Hi,
I found a few issues in the way Dyninst is parsing #! lines, and wrote
the attached patch to hopefully make it more robust. Please let me know
if it needs any adjustment.
It's also possible for such scripts to reference yet another #! script
for the interpreter (in Linux, up to BINPRM_BUF_SIZE=128 levels deep).

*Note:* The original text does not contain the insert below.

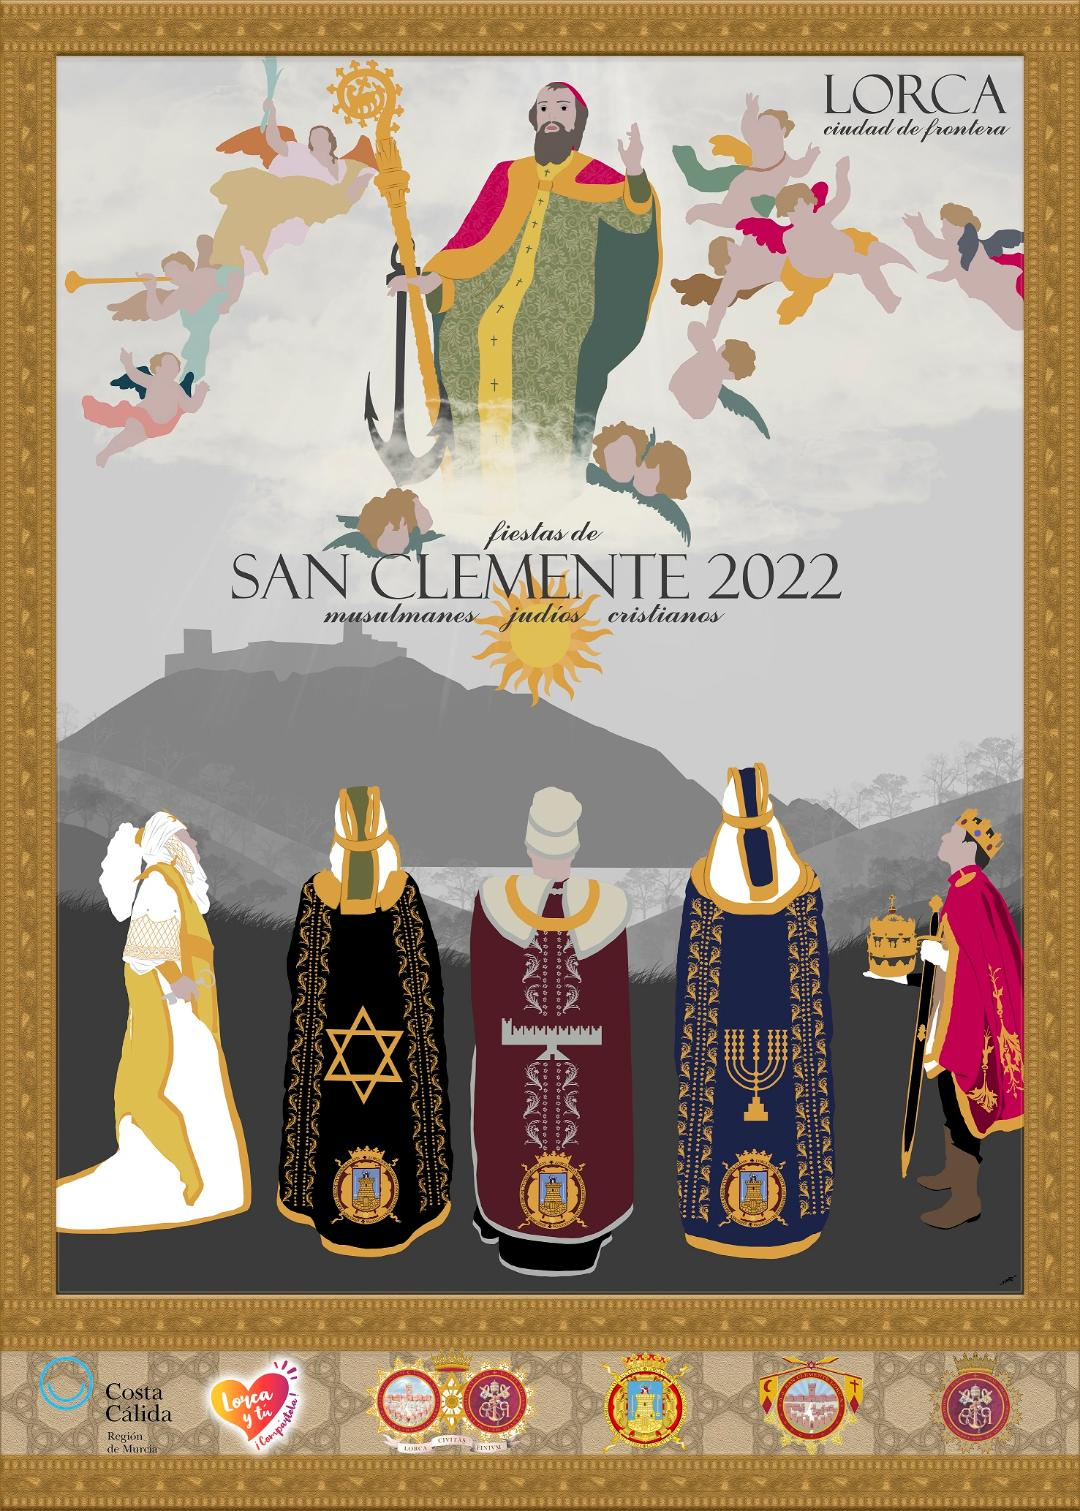 Presentado el cartel de las fiestas patronales de San Clemente 2022, realizado por la lorquina Natalia Martínez Pérez. La obra será promocionada en Fitur

I didn't write that recursion yet, as I doubt it's very common, but that
might be a good followup.
Thanks,
Josh
>From e44d4973997c911928b6d5f23fc19fce588884c1 Mon Sep 17 00:00:00 2001
From: Josh Stone <jistone@xxxxxxxxxx>
Date: Wed, 31 Oct 2012 19:22:33 -0700
Subject: [PATCH] Improve script #! parsing
This fixes a few shortcomings in BPatch's buildPath():
- The original path and argv[0] may not necessarily be the same, but the
former should replace the latter in the new argv list.
- The #! line may optionally include a single argument for the
interpreter, often used like "#!/usr/bin/env python".
- The NULL to terminate the new argv was clobbering the last argument
from the original argv.
I modeled the exact #!-parsing details after Linux's fs/binfmt_script.c.
---
dyninstAPI/src/BPatch.C | 59 +++++++++++++++++++++++++++++++++++++++----------
1 file changed, 47 insertions(+), 12 deletions(-)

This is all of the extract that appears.